The Symbiotic Relationship Between Literature and Film in Sci-Fi

I’m a big fan of symbiosis that exists between literature and film, as I’ve written a great deal about it in the past. I’m also a sci-fi fan because when technological background mixes with fantasy, it lets your imagination run wild. Often it presents us with a pretty grey image of the human race – where technology either destroys or takes over our lives. But these are the topics that make some of the best books and films in this genre. Without further ado, I present to you some of my favourites!

2001 (1)
Film: 2001: A Space Odyssey (1968), directed by Stanley Kubrick

Based on short story The Sentinel (1951) and novel 2001: A Space Odyssey (1968) by Arthur C. Clarke
This qualifies as an interesting development in literary and film world… Stanley Kubrick and Arthur C. Clarke have co-written the script for the movie, which was initially inspired by Clarke’s short story, The Sentinel. Clarke wrote the novel 2001 only after the movie came out. A true example of symbiosis! No doubt that the book by Arthur C. Clarke and Stanley Kubrick’s film found cult following and took their place and position among the stars.

Film: Young Frankenstein (1974), directed by Mel Brooks

Based on Frankenstein; or, the Modern Prometheus (1818) by Mary Shelley
“It’s pronounced Fronkensteen” says Gene Wilder in the role of a young doctor Frankenstein trying to forsake his heritage. One of the best works of the comic partners Mel Brooks and Gene Wilder, and among the best parodies ever which lovingly turned Shelley’s horror novel into comedy. The link to the book is obvious, but indirect because plot revolves around the next generation of Frankensteins.
The film itself is full of puns and various hilarious situations such as Peter Boyle’s monstrous creation dancing to the Puttin’ on the Ritz, the debate on how to pronounce Wilder’s assistant’s name Igor, or Gene Hackman as a blind man who gives the monster (not so) safe shelter.
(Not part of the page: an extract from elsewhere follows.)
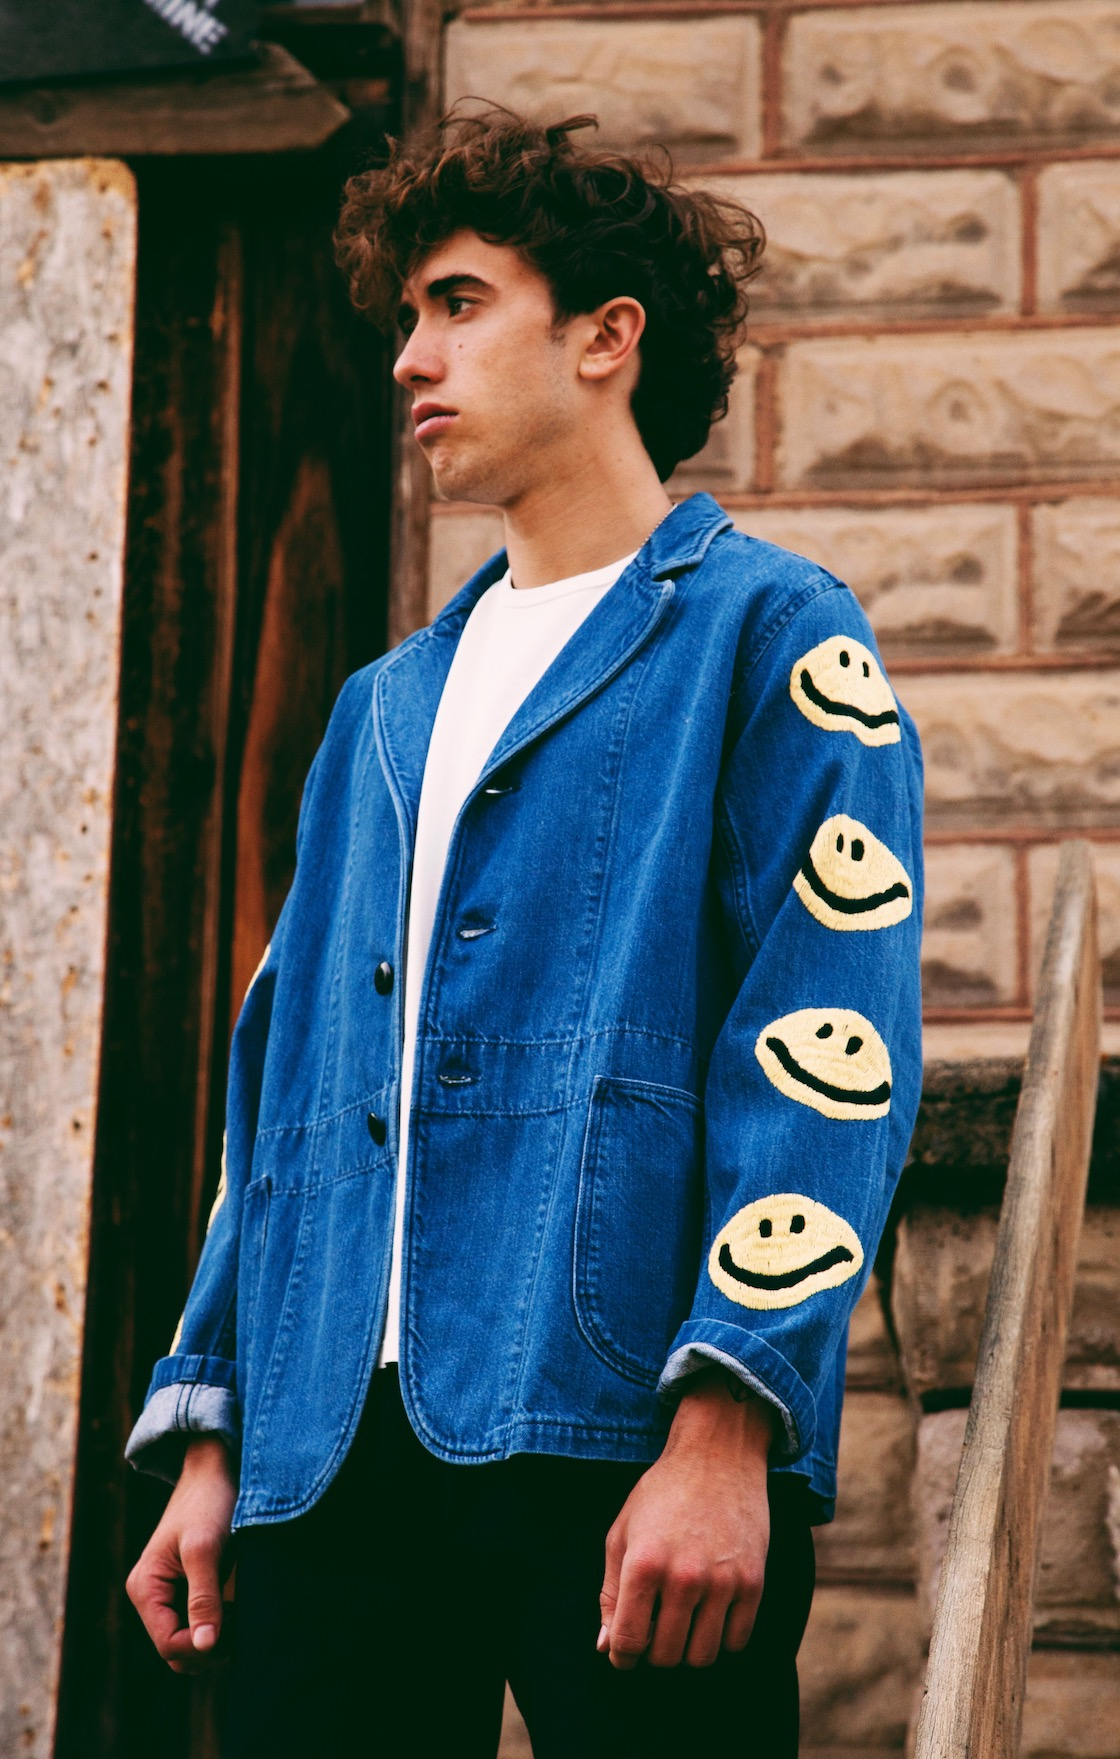 kapital kountry japan smilie shirt jacket on body

Film: Cloud Atlas (2012), directors Lana Wachowski, Tom Tykwer and Andy Wachowski

Based on Cloud Atlas (2004) by David Mitchell
The novel by David Mitchell borders on fantasy with a strong sci-fi futuristic element. It is really one of the more bizarre films on the list in regard to the world it creates, but still I prefer the book. It seems to me that the film failed to meet people’s expectations, with some actions throughout the story left unexplained, which is a common trap involving multiple plots.
What I did like, actually the best part of the film, are the same actors in all of the six time periods. To see their transformation, sometimes completely unrecognizable, truly is amazing and can be seen only on screen. The cast led by Tom Hanks, Halle Berry, Jim Broadbent and Hugo Weaving is accompanied by some of the highest rated names in the industry. And as the actor Ben Whishaw said in an interview, “something like this has never been attempted before.”

Children of Men
Film: Children of Men (2006), directed by Alfonso Cuarón

Based on The Children of Men (1992) by P. D. James SF thriller is based on the novel by an English writer P. D. James. Honestly I think this is one of the best dystopian films ever made. A winning combination makes a best-seller story being brought to life by one of the most accomplished directors of today (Y Tu Mama Tambien, Pan’s Labyrinth, and Gravity).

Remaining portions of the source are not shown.